Working data:
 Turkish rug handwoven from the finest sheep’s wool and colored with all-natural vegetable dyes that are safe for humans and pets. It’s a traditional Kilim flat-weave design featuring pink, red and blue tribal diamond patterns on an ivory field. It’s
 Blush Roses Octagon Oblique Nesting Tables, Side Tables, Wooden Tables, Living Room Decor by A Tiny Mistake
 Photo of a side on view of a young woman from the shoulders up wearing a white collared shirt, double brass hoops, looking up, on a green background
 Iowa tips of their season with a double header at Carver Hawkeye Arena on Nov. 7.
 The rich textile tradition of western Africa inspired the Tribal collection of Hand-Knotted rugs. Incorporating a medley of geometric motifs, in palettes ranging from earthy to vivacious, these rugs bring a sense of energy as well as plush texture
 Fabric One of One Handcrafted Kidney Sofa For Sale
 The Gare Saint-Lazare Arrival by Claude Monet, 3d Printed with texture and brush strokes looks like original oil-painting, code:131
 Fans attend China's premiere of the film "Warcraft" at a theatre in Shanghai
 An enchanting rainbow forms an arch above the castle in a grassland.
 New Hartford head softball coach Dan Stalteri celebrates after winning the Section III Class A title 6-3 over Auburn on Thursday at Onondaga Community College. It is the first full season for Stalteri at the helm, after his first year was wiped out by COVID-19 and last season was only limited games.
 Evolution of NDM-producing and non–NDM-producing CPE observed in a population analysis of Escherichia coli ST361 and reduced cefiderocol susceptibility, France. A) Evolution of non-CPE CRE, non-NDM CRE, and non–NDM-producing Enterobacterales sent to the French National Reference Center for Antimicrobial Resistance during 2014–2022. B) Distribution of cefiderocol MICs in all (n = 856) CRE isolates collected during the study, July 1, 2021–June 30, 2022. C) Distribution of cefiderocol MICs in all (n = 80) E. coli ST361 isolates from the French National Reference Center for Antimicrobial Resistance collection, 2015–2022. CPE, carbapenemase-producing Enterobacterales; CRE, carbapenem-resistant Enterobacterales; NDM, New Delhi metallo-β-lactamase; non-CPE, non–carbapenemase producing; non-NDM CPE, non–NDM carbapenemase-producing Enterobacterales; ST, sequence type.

Exercise objective: All of the lines above should be returned exactly as written.

Result for this exercise:
 Turkish rug handwoven from the finest sheep’s wool and colored with all-natural vegetable dyes that are safe for humans and pets. It’s a traditional Kilim flat-weave design featuring pink, red and blue tribal diamond patterns on an ivory field. It’s
 Blush Roses Octagon Oblique Nesting Tables, Side Tables, Wooden Tables, Living Room Decor by A Tiny Mistake
 Photo of a side on view of a young woman from the shoulders up wearing a white collared shirt, double brass hoops, looking up, on a green background
 Iowa tips of their season with a double header at Carver Hawkeye Arena on Nov. 7.
 The rich textile tradition of western Africa inspired the Tribal collection of Hand-Knotted rugs. Incorporating a medley of geometric motifs, in palettes ranging from earthy to vivacious, these rugs bring a sense of energy as well as plush texture
 Fabric One of One Handcrafted Kidney Sofa For Sale
 The Gare Saint-Lazare Arrival by Claude Monet, 3d Printed with texture and brush strokes looks like original oil-painting, code:131
 Fans attend China's premiere of the film "Warcraft" at a theatre in Shanghai
 An enchanting rainbow forms an arch above the castle in a grassland.
 New Hartford head softball coach Dan Stalteri celebrates after winning the Section III Class A title 6-3 over Auburn on Thursday at Onondaga Community College. It is the first full season for Stalteri at the helm, after his first year was wiped out by COVID-19 and last season was only limited games.
 Evolution of NDM-producing and non–NDM-producing CPE observed in a population analysis of Escherichia coli ST361 and reduced cefiderocol susceptibility, France. A) Evolution of non-CPE CRE, non-NDM CRE, and non–NDM-producing Enterobacterales sent to the French National Reference Center for Antimicrobial Resistance during 2014–2022. B) Distribution of cefiderocol MICs in all (n = 856) CRE isolates collected during the study, July 1, 2021–June 30, 2022. C) Distribution of cefiderocol MICs in all (n = 80) E. coli ST361 isolates from the French National Reference Center for Antimicrobial Resistance collection, 2015–2022. CPE, carbapenemase-producing Enterobacterales; CRE, carbapenem-resistant Enterobacterales; NDM, New Delhi metallo-β-lactamase; non-CPE, non–carbapenemase producing; non-NDM CPE, non–NDM carbapenemase-producing Enterobacterales; ST, sequence type.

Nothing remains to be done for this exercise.